>>>

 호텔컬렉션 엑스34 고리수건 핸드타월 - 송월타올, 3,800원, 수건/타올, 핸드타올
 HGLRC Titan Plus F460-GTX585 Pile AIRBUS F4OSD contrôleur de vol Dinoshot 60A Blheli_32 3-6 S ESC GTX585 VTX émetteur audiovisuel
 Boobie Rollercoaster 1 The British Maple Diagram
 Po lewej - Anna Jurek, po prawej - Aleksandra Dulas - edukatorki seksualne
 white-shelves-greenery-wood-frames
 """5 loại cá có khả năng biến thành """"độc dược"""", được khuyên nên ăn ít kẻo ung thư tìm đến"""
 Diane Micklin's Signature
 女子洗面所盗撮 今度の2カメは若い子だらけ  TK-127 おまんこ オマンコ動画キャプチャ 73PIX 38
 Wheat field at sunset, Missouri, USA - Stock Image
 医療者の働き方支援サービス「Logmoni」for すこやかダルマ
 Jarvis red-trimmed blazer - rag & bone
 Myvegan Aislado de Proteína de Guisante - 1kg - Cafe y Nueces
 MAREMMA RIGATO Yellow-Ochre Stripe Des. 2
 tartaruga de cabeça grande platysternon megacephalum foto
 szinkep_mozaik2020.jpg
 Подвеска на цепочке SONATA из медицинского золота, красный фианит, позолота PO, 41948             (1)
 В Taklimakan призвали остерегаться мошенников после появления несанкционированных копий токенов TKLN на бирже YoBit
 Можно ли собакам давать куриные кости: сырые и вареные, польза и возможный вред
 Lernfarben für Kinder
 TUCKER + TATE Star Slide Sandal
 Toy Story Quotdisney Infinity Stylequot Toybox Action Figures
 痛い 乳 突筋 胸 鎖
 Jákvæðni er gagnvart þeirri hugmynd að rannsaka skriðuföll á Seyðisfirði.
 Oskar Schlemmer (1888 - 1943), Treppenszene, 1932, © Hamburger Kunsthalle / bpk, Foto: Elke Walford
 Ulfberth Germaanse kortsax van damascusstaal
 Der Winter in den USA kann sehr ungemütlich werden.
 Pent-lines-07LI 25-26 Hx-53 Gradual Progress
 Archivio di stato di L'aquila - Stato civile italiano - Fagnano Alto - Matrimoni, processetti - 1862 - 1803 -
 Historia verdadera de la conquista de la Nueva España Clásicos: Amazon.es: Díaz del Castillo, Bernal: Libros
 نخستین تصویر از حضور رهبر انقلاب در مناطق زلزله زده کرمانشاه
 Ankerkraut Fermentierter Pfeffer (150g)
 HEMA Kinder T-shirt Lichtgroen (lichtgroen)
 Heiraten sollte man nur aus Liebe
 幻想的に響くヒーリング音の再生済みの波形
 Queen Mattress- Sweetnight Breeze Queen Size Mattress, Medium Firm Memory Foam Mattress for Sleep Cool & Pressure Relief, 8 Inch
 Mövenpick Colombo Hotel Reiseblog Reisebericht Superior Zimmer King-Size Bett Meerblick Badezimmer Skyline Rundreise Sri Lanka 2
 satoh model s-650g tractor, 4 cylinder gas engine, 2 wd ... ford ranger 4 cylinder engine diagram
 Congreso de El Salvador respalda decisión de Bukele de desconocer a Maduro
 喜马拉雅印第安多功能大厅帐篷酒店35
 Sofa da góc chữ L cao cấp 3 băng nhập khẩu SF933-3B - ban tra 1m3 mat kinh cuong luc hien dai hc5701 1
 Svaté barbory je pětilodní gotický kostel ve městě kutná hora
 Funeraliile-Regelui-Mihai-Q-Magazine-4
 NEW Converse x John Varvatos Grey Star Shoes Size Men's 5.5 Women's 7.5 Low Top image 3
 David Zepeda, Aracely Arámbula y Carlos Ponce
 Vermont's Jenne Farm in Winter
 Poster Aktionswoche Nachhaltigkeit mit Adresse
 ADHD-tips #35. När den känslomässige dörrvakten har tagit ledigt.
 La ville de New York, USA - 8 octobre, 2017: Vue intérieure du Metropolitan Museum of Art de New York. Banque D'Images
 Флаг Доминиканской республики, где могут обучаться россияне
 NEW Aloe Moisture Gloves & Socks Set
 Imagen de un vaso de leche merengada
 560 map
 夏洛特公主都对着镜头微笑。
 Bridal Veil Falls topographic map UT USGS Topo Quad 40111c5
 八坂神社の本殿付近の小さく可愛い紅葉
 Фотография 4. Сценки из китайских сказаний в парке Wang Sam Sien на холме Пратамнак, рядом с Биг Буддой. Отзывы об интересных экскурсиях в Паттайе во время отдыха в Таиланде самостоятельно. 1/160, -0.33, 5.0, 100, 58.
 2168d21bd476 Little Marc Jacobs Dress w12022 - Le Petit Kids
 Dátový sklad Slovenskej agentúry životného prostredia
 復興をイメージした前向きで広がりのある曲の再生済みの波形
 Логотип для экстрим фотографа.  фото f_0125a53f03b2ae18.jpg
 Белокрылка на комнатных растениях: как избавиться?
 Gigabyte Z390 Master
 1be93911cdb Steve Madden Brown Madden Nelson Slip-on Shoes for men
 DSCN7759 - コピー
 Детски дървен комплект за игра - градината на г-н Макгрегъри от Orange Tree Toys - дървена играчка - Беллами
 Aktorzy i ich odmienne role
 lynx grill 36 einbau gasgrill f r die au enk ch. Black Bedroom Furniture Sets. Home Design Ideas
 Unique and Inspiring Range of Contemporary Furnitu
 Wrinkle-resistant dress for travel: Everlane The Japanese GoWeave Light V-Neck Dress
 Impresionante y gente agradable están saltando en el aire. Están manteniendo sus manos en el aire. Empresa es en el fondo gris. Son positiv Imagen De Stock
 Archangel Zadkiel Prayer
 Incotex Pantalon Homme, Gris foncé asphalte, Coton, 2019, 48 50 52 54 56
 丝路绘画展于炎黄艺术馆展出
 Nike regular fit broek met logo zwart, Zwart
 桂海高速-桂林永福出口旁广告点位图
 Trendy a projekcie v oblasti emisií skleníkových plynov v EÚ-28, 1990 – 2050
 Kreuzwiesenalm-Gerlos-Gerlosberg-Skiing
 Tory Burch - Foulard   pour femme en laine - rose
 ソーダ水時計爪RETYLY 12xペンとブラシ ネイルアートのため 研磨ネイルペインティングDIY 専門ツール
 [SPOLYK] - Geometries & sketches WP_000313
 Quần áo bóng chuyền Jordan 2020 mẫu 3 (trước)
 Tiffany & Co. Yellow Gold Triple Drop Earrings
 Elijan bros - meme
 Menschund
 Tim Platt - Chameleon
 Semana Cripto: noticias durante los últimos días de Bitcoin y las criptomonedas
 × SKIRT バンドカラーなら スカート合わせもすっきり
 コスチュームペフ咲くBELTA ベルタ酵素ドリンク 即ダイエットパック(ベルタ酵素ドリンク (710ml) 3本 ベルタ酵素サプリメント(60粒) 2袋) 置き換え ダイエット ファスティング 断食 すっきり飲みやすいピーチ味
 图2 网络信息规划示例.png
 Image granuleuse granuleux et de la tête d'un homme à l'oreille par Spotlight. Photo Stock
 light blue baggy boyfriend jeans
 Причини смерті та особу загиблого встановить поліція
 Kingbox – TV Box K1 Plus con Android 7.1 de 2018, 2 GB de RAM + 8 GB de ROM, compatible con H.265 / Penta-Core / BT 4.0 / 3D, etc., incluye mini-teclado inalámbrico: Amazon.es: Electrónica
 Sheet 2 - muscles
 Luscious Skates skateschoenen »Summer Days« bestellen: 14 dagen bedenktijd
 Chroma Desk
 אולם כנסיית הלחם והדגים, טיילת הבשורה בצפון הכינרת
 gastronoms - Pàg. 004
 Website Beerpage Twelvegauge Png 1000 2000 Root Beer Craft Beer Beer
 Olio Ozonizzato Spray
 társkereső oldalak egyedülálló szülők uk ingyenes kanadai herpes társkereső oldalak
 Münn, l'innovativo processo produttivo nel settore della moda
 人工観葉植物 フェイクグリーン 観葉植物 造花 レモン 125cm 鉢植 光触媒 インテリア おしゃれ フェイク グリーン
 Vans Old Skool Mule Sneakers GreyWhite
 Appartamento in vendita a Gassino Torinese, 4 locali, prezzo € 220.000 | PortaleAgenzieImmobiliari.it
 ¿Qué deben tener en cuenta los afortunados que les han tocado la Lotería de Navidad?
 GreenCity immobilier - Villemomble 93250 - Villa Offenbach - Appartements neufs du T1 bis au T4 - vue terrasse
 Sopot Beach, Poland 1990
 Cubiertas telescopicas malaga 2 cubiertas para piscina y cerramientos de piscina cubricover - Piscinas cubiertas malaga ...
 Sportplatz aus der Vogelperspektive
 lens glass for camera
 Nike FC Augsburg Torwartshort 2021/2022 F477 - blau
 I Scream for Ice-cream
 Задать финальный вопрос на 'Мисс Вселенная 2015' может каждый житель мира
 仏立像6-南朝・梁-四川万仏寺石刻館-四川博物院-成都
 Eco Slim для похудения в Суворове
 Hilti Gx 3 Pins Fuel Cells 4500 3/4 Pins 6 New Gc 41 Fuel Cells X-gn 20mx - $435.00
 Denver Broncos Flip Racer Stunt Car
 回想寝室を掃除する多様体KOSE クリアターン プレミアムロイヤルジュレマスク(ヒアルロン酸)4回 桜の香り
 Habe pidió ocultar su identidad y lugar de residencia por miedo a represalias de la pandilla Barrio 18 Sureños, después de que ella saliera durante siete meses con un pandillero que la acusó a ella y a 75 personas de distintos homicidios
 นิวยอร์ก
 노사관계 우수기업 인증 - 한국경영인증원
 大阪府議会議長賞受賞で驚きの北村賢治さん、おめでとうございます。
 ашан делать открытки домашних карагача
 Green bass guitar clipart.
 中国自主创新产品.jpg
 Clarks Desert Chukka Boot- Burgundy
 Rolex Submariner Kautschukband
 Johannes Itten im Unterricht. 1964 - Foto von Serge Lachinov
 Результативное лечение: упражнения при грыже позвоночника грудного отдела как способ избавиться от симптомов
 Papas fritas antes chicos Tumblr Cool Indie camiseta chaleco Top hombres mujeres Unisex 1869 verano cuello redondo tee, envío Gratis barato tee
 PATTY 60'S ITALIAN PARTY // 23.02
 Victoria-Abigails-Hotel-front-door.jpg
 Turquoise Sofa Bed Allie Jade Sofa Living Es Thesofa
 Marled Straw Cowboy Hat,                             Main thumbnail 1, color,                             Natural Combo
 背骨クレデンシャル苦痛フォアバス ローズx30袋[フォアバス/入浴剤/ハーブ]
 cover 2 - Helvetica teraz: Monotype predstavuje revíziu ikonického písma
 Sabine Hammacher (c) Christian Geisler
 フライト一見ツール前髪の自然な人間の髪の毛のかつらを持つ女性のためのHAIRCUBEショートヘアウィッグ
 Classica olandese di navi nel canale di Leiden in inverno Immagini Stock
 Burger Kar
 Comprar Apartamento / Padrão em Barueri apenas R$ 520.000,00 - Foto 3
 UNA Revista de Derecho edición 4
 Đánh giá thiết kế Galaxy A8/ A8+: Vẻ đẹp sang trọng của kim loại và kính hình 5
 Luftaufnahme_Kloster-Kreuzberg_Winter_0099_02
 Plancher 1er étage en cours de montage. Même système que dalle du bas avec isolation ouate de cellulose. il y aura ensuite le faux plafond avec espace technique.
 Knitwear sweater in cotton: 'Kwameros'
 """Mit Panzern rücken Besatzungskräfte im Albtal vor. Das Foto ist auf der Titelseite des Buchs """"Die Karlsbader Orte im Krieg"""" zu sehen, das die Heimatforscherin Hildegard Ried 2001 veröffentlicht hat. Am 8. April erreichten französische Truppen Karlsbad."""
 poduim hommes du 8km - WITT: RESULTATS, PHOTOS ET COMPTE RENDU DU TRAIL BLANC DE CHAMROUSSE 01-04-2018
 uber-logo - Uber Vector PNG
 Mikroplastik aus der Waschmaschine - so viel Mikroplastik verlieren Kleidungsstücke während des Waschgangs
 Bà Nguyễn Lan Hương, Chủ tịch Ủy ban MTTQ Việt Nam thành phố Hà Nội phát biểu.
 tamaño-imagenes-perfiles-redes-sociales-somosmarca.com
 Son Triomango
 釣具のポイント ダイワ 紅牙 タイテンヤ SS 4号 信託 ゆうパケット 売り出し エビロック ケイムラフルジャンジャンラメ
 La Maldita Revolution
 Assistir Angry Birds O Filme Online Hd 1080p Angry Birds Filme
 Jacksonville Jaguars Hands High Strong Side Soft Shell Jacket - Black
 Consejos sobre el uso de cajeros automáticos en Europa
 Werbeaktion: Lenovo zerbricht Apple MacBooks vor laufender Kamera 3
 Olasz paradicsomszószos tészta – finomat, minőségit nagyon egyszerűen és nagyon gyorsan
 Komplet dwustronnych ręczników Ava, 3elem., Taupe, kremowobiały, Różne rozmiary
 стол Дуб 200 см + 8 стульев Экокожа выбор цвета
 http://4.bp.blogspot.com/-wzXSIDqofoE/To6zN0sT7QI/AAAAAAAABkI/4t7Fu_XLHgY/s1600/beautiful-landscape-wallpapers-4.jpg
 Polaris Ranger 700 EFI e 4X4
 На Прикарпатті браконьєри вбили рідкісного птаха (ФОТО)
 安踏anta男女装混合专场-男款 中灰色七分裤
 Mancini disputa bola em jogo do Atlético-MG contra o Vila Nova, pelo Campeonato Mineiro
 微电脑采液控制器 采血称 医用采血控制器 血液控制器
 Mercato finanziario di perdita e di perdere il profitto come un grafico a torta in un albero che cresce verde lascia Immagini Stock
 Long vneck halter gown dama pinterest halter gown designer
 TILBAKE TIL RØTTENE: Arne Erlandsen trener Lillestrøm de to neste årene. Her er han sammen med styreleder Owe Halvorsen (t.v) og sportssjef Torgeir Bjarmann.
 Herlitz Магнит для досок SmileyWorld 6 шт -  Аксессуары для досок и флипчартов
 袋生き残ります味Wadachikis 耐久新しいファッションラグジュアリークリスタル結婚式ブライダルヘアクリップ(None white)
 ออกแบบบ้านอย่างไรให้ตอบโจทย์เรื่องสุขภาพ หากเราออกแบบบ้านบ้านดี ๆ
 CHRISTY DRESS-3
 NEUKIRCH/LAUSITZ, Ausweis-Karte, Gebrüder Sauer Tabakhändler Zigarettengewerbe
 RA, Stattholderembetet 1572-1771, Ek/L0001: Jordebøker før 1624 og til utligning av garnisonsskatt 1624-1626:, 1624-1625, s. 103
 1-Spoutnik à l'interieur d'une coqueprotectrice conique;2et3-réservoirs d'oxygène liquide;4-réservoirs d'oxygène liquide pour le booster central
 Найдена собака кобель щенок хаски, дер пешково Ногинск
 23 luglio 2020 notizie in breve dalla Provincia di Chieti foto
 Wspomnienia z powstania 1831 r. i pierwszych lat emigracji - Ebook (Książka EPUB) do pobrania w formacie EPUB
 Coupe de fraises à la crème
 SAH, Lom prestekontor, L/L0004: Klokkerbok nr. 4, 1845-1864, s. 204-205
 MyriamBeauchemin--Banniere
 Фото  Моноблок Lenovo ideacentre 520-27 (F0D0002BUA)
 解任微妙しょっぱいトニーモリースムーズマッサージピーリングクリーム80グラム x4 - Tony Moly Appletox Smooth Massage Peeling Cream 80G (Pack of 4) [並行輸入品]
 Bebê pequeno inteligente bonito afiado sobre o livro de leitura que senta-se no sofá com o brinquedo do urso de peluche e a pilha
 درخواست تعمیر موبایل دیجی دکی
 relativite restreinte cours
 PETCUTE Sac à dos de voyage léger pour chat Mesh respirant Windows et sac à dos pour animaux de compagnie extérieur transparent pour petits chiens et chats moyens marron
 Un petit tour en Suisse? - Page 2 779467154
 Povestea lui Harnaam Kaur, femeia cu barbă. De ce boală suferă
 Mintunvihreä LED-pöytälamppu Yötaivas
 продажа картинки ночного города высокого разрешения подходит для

<<<

▸ DIRECTIONS FOR THIS TASK:
In the listing above, start at the line with "Kingbox – TV", go on through the line with "ашан делать открытки домашних карагача", and copy each of those lines exactly; leave out all the rest.

▸ TASK SOLUTION:
 Kingbox – TV Box K1 Plus con Android 7.1 de 2018, 2 GB de RAM + 8 GB de ROM, compatible con H.265 / Penta-Core / BT 4.0 / 3D, etc., incluye mini-teclado inalámbrico: Amazon.es: Electrónica
 Sheet 2 - muscles
 Luscious Skates skateschoenen »Summer Days« bestellen: 14 dagen bedenktijd
 Chroma Desk
 אולם כנסיית הלחם והדגים, טיילת הבשורה בצפון הכינרת
 gastronoms - Pàg. 004
 Website Beerpage Twelvegauge Png 1000 2000 Root Beer Craft Beer Beer
 Olio Ozonizzato Spray
 társkereső oldalak egyedülálló szülők uk ingyenes kanadai herpes társkereső oldalak
 Münn, l'innovativo processo produttivo nel settore della moda
 人工観葉植物 フェイクグリーン 観葉植物 造花 レモン 125cm 鉢植 光触媒 インテリア おしゃれ フェイク グリーン
 Vans Old Skool Mule Sneakers GreyWhite
 Appartamento in vendita a Gassino Torinese, 4 locali, prezzo € 220.000 | PortaleAgenzieImmobiliari.it
 ¿Qué deben tener en cuenta los afortunados que les han tocado la Lotería de Navidad?
 GreenCity immobilier - Villemomble 93250 - Villa Offenbach - Appartements neufs du T1 bis au T4 - vue terrasse
 Sopot Beach, Poland 1990
 Cubiertas telescopicas malaga 2 cubiertas para piscina y cerramientos de piscina cubricover - Piscinas cubiertas malaga ...
 Sportplatz aus der Vogelperspektive
 lens glass for camera
 Nike FC Augsburg Torwartshort 2021/2022 F477 - blau
 I Scream for Ice-cream
 Задать финальный вопрос на 'Мисс Вселенная 2015' может каждый житель мира
 仏立像6-南朝・梁-四川万仏寺石刻館-四川博物院-成都
 Eco Slim для похудения в Суворове
 Hilti Gx 3 Pins Fuel Cells 4500 3/4 Pins 6 New Gc 41 Fuel Cells X-gn 20mx - $435.00
 Denver Broncos Flip Racer Stunt Car
 回想寝室を掃除する多様体KOSE クリアターン プレミアムロイヤルジュレマスク(ヒアルロン酸)4回 桜の香り
 Habe pidió ocultar su identidad y lugar de residencia por miedo a represalias de la pandilla Barrio 18 Sureños, después de que ella saliera durante siete meses con un pandillero que la acusó a ella y a 75 personas de distintos homicidios
 นิวยอร์ก
 노사관계 우수기업 인증 - 한국경영인증원
 大阪府議会議長賞受賞で驚きの北村賢治さん、おめでとうございます。
 ашан делать открытки домашних карагача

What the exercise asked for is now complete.